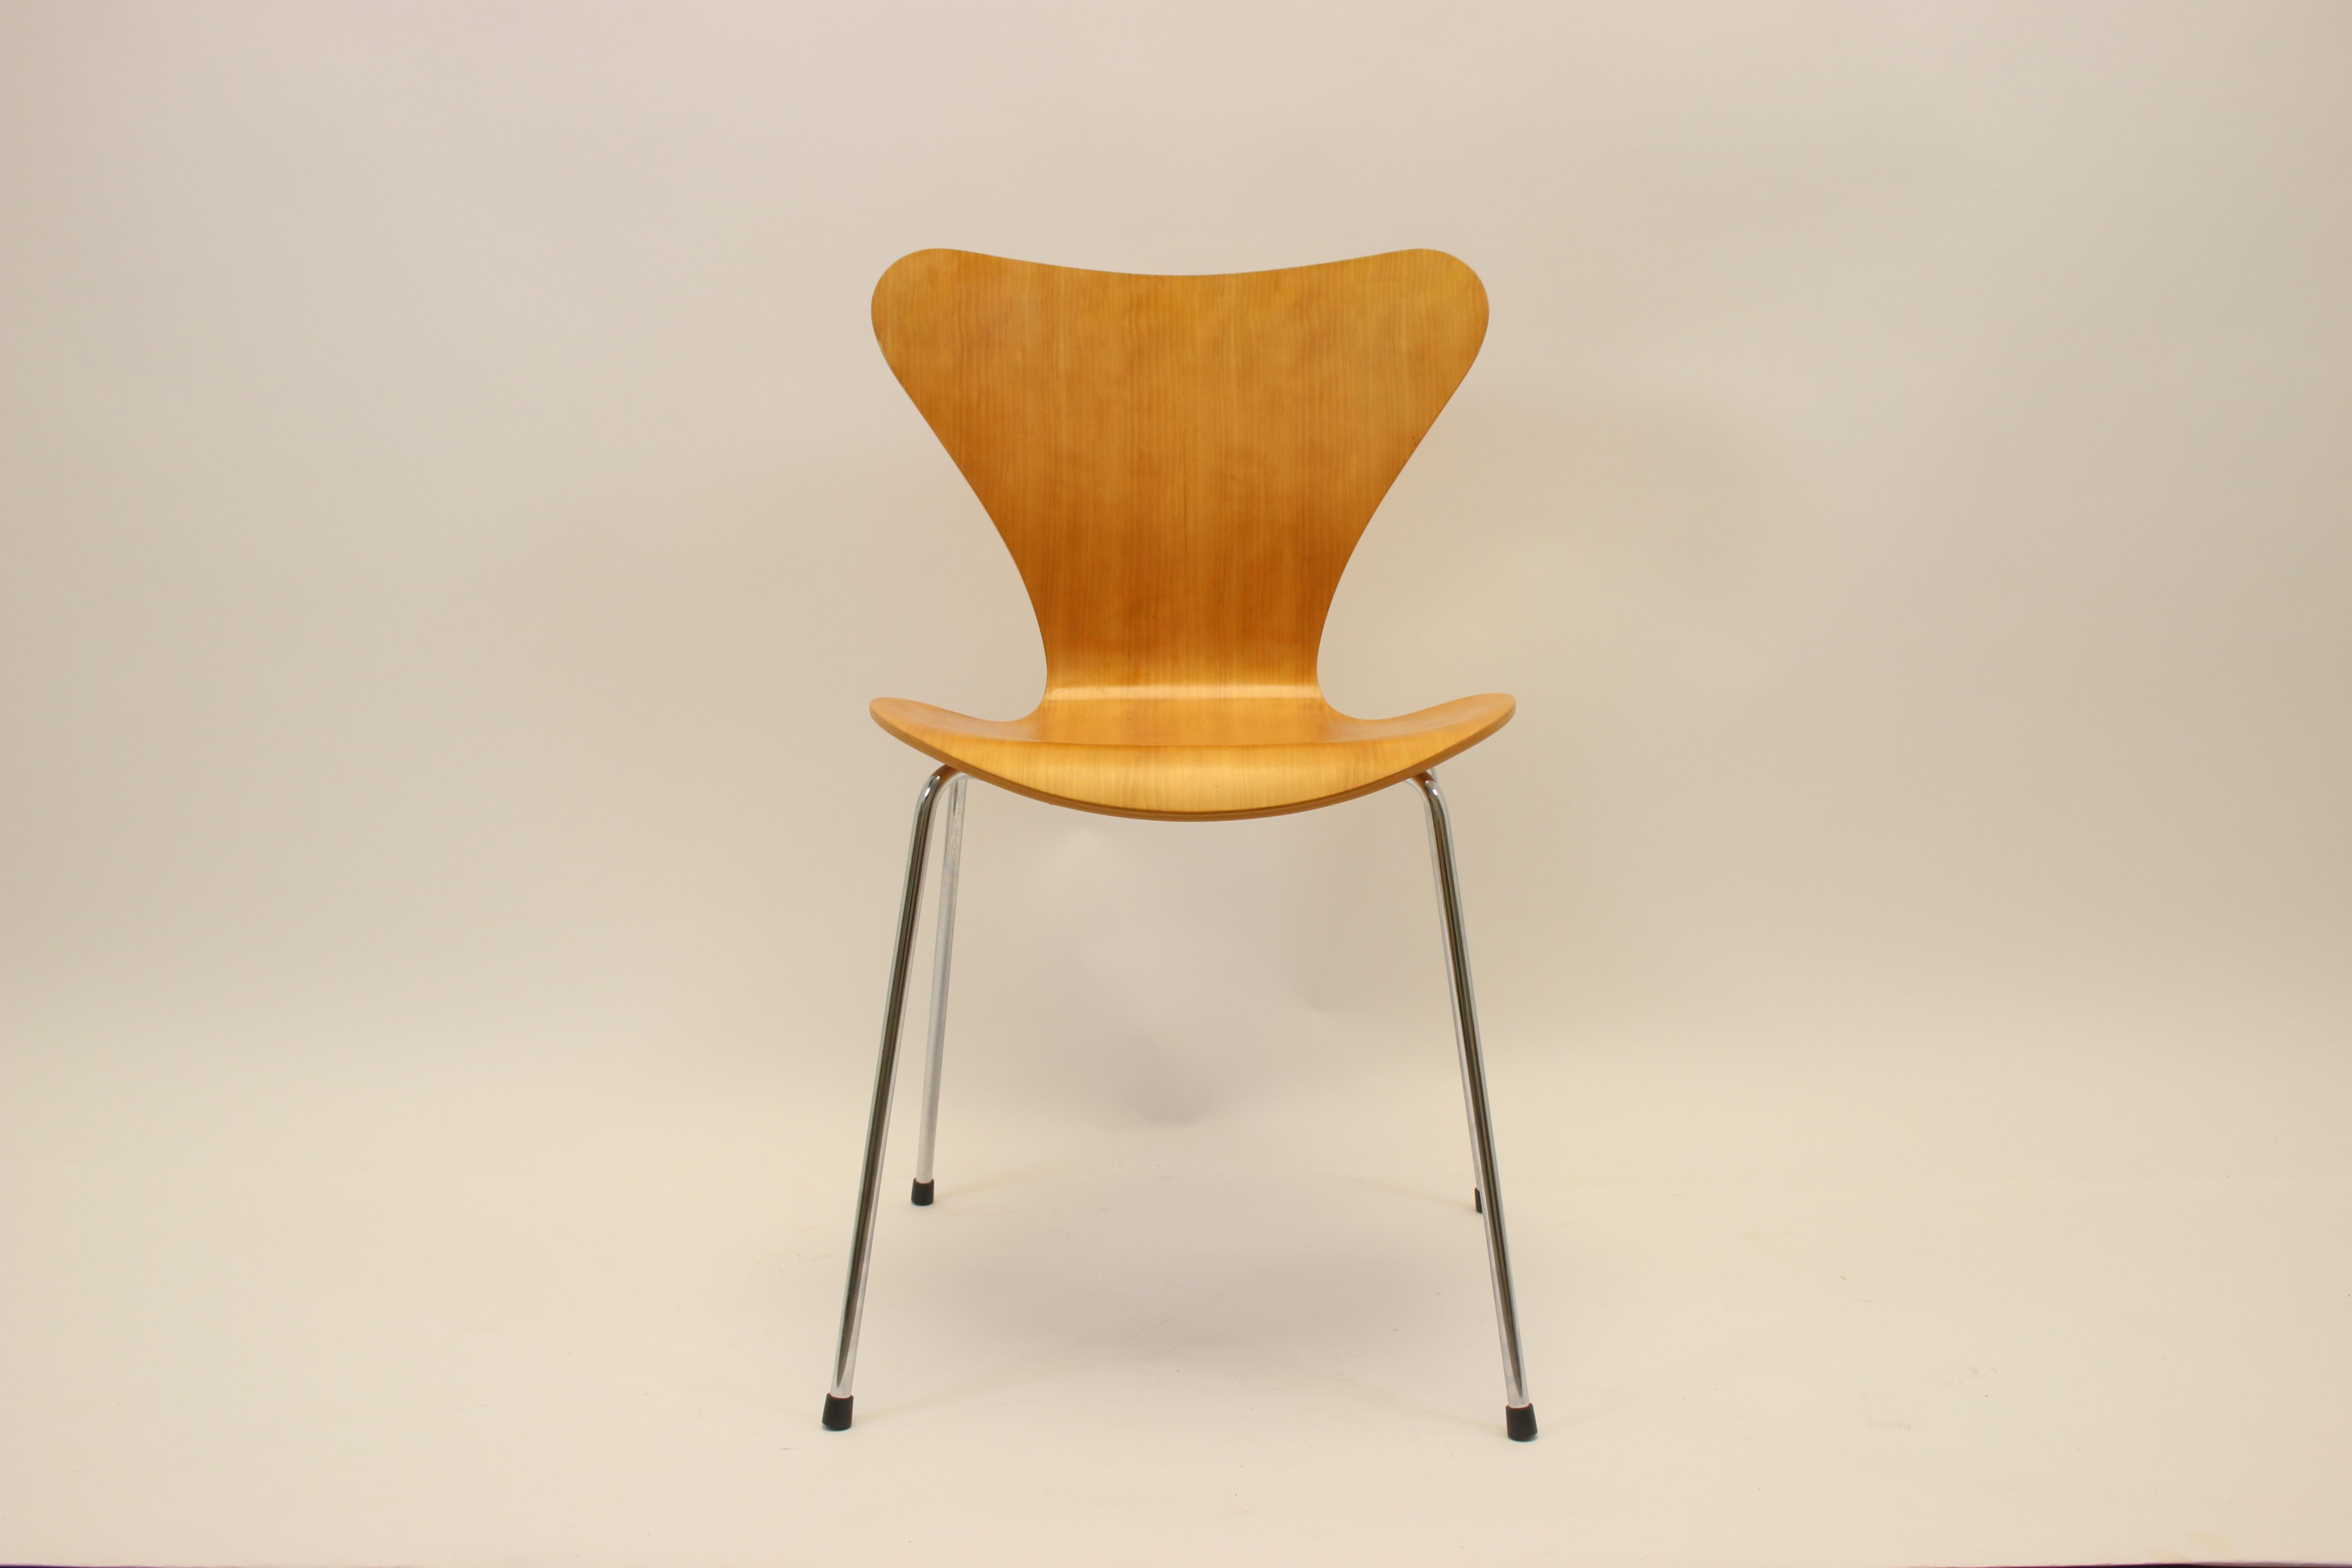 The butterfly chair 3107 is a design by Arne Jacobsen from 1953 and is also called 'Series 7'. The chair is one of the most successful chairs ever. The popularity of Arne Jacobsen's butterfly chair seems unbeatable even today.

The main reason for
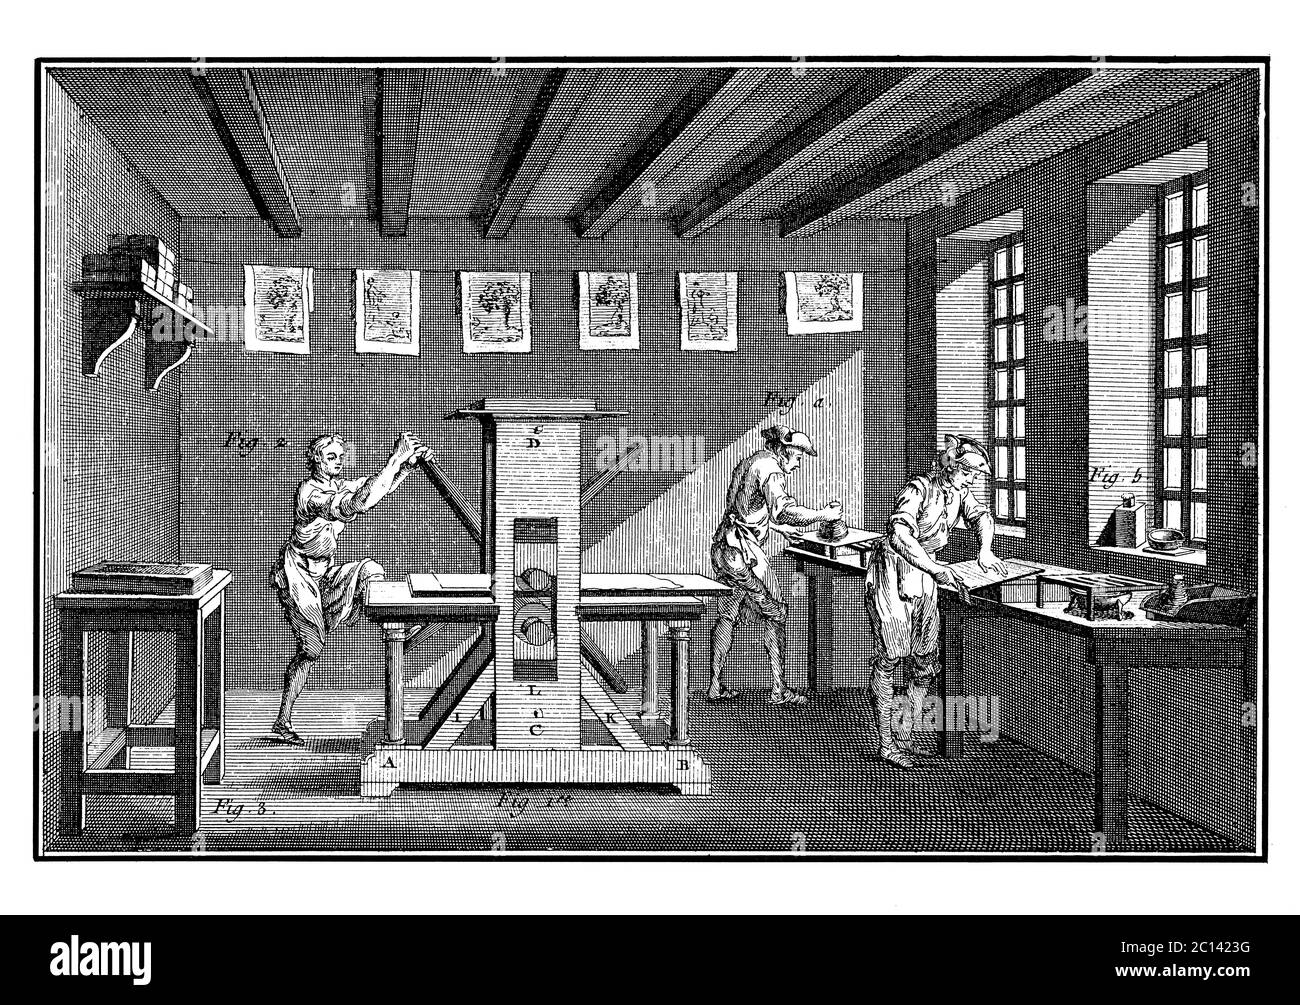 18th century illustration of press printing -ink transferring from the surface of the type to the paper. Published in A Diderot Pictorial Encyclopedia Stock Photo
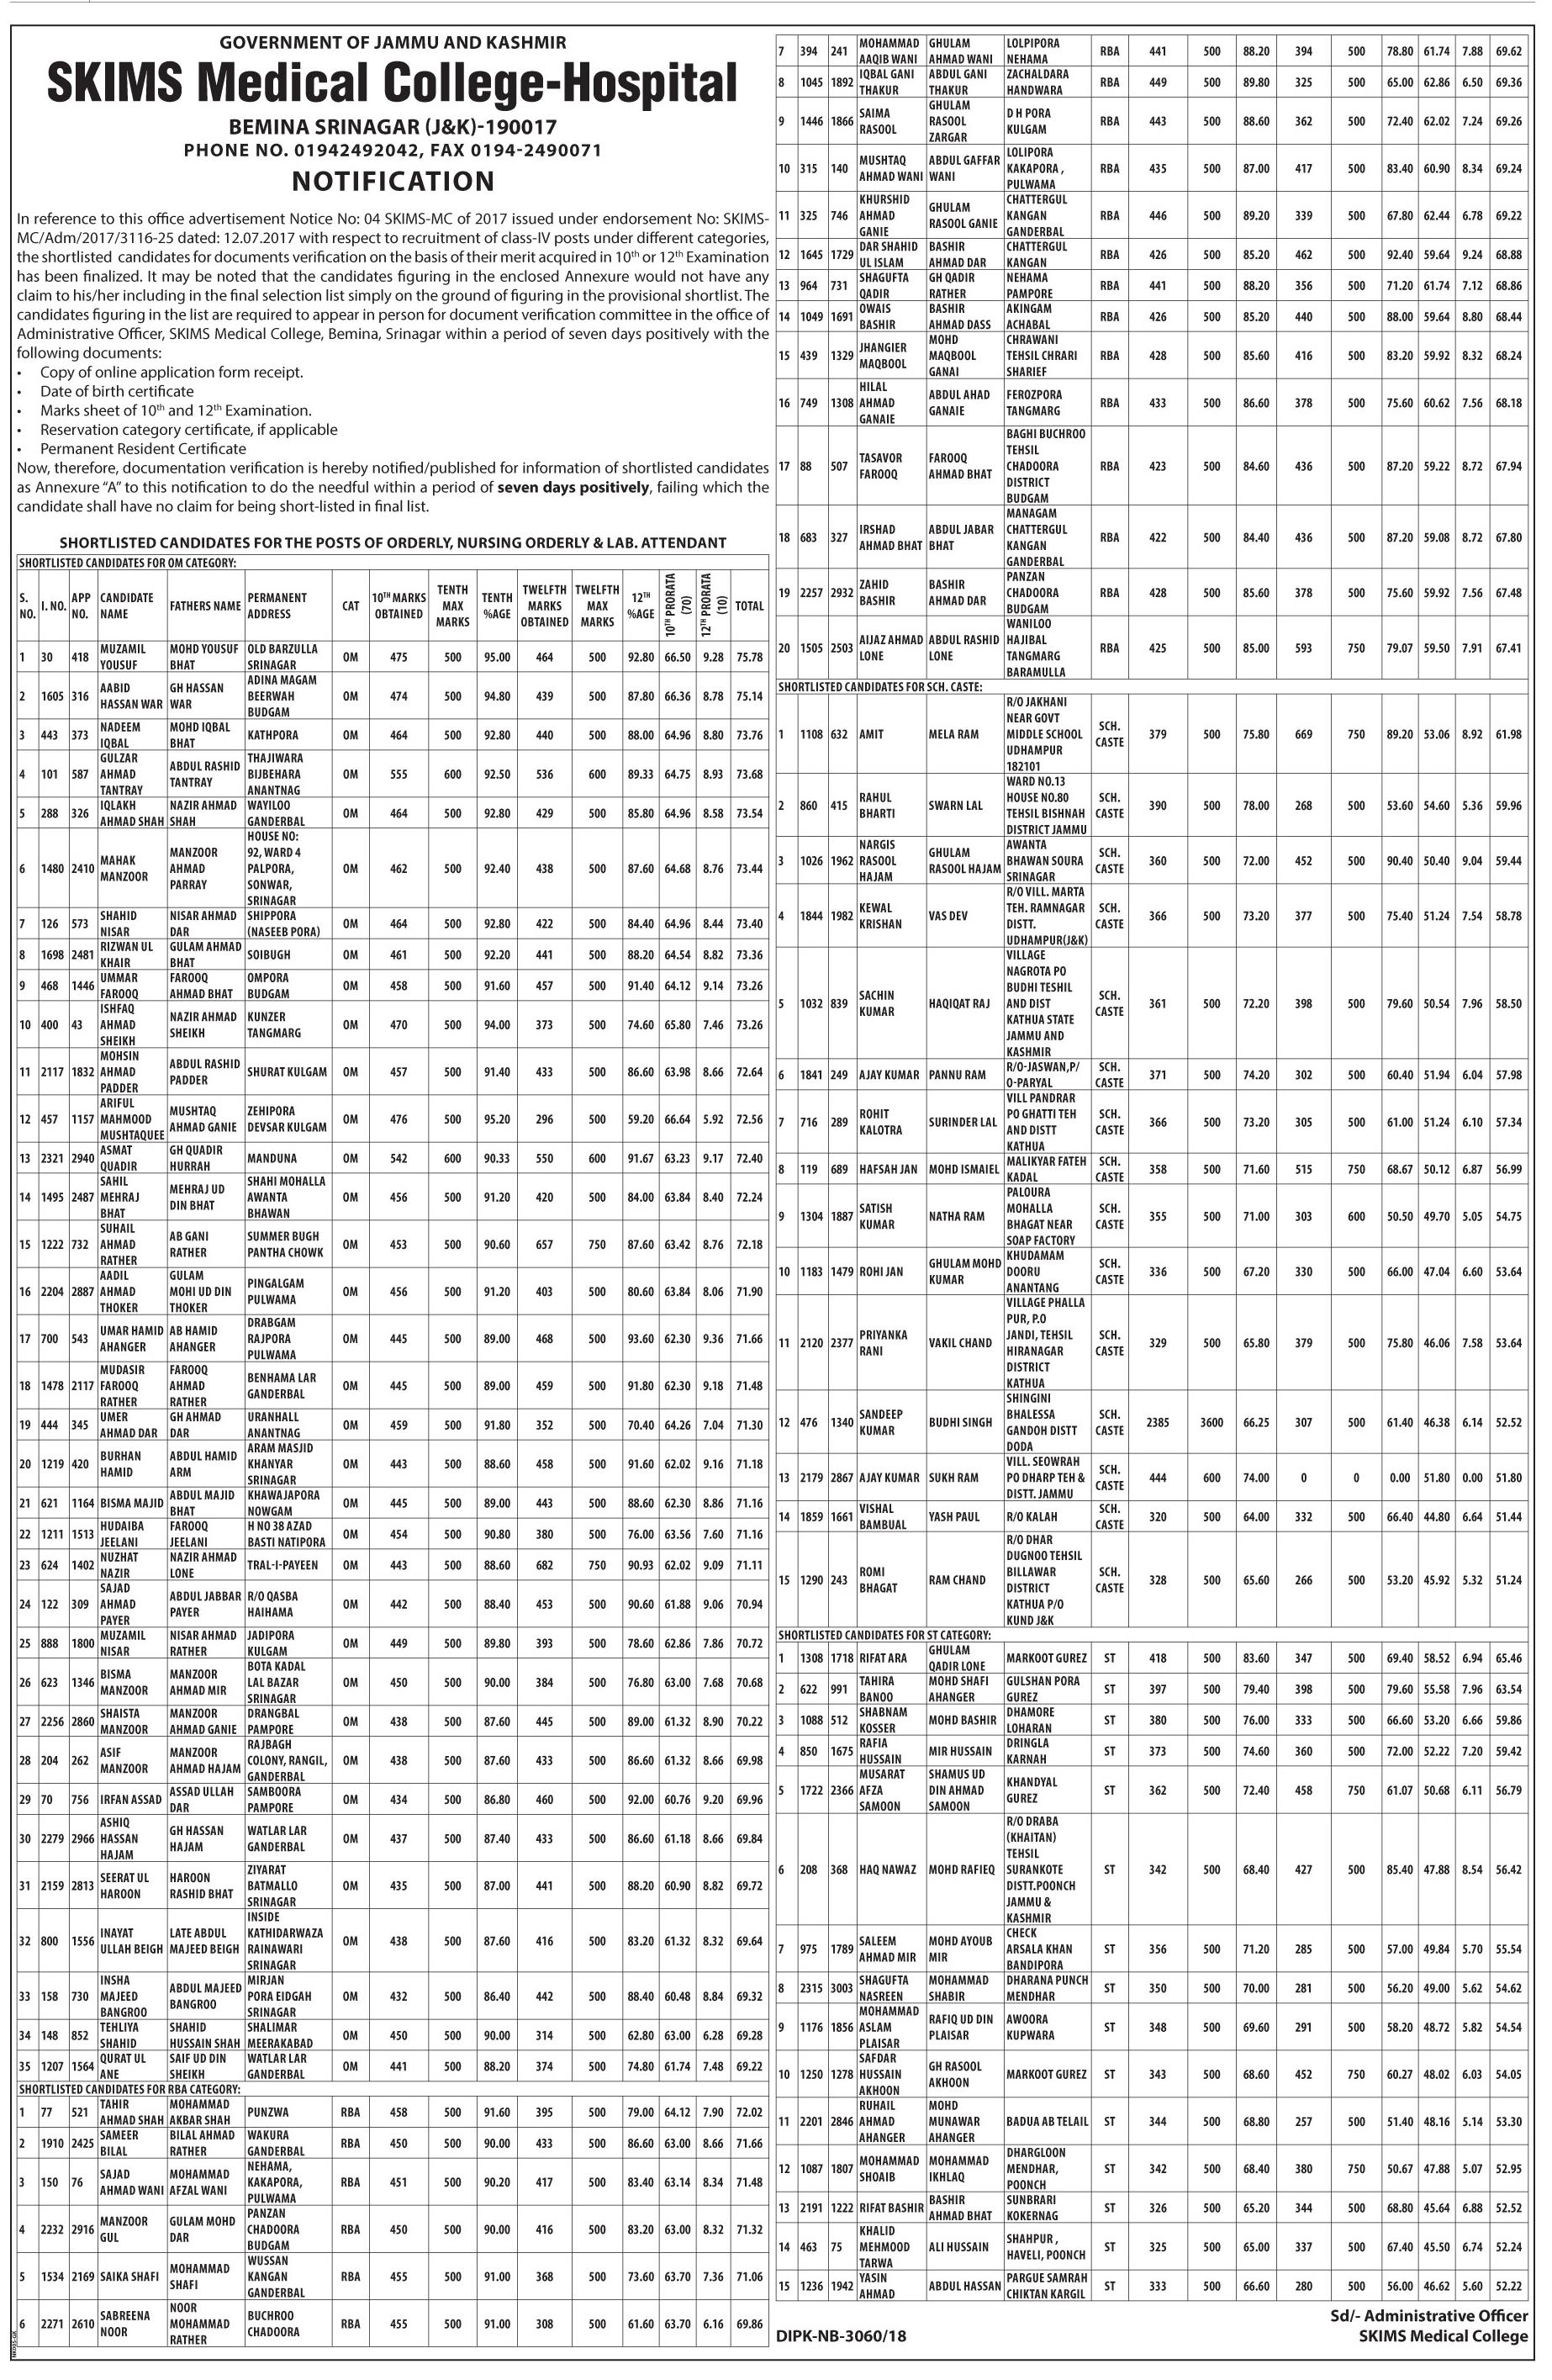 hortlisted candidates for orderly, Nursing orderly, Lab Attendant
○ ○ ○ ○ ○
A verbatim rendering of the listing above is required, without any of its pictures.

 The butterfly chair 3107 is a design by Arne Jacobsen from 1953 and is also called 'Series 7'. The chair is one of the most successful chairs ever. The popularity of Arne Jacobsen's butterfly chair seems unbeatable even today.

The main reason for
 18th century illustration of press printing -ink transferring from the surface of the type to the paper. Published in A Diderot Pictorial Encyclopedia Stock Photo
 hortlisted candidates for orderly, Nursing orderly, Lab Attendant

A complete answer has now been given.